Résumé
Il est possible de dresser un parallèle entre histoire et littérature au XVIIIe siècle à travers le paradigme de l’enfant trouvé. À cette époque, un tiers des enfants sont abandonnés, principalement pour des raisons de misère, d’illégitimité ou de mère morte en couches. Les dépôts d’archives sont remplis de billets expliquant les raisons de l’abandon et constituent souvent les seules traces des paroles de gens majoritairement analphabètes. Ces billets pouvaient être accompagnés d’un trousseau ou d’un objet de reconnaissance (ruban, brevet, carte à jouer avec une inscription au dos…), véritable symbolon pour pouvoir retrouver l’enfant plus tard.
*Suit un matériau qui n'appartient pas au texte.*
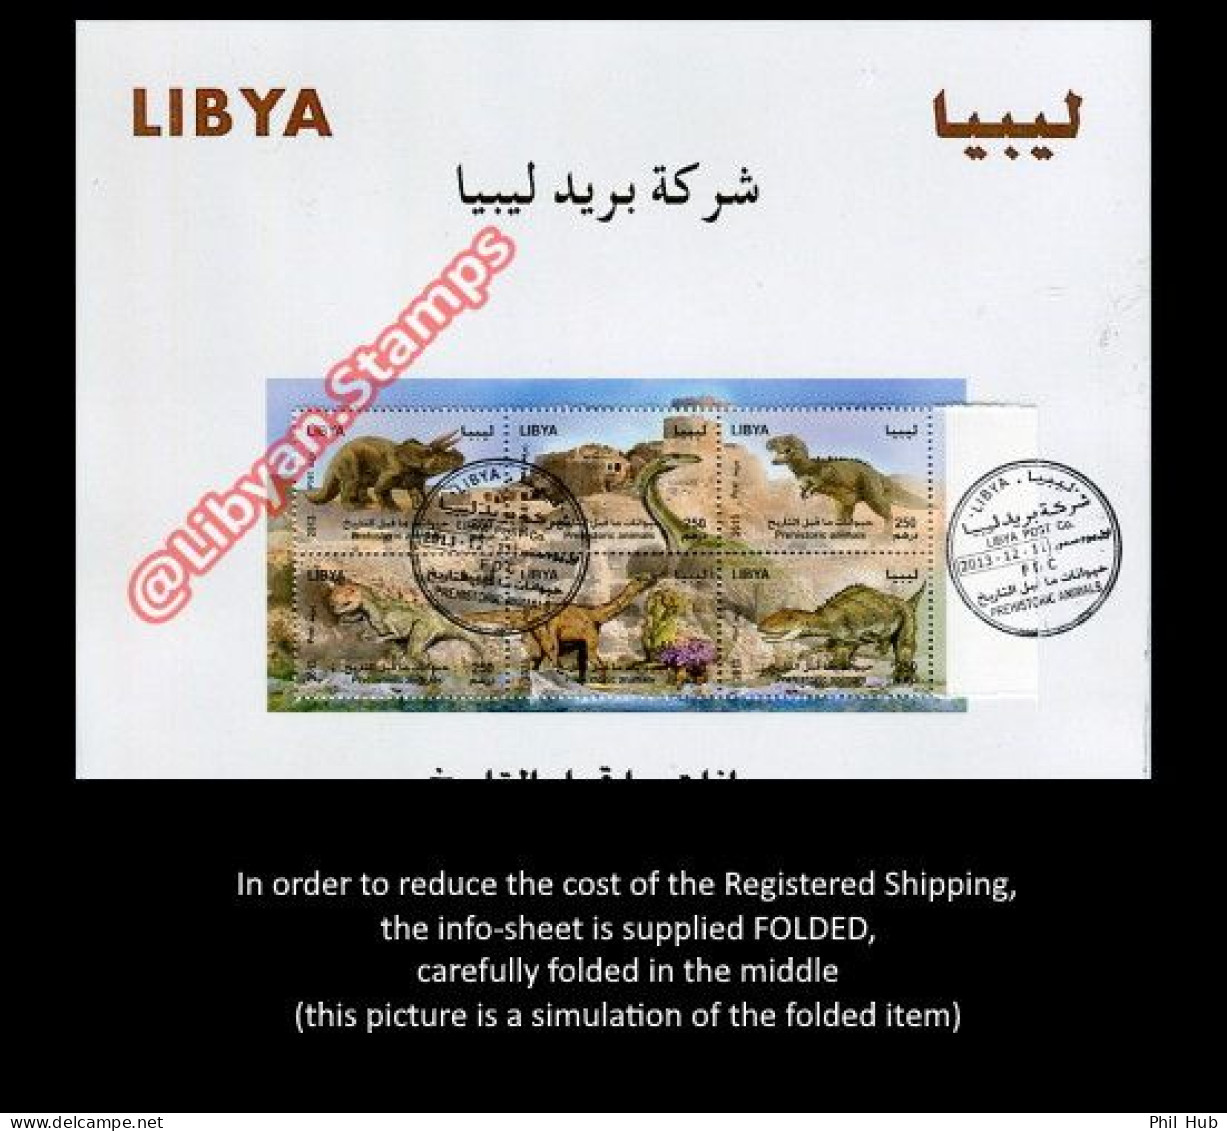 LIBYA 2013 Dinosaurs (Libya Post INFO-SHEET With Stamps PMK) SUPPLIED FOLDED - Prehistorisch

Du Tom Jones de Fielding au Félix de Sedaine, en passant par les enfants de Rousseau ou encore le célèbre Figaro, l’enfant trouvé est une figure centrale de la littérature du XVIIIe siècle. Il interroge les valeurs d’inné et d’acquis, qui préoccupèrent les Lumières, et polarise les notions de destinée et d’identité, qui caractérisent l’individu moderne. Tantôt métaphore du livre abandonné au public, tantôt être privé d’une parole (infans) que la littérature se charge de lui donner, il incarne ainsi l’essence du romanesque.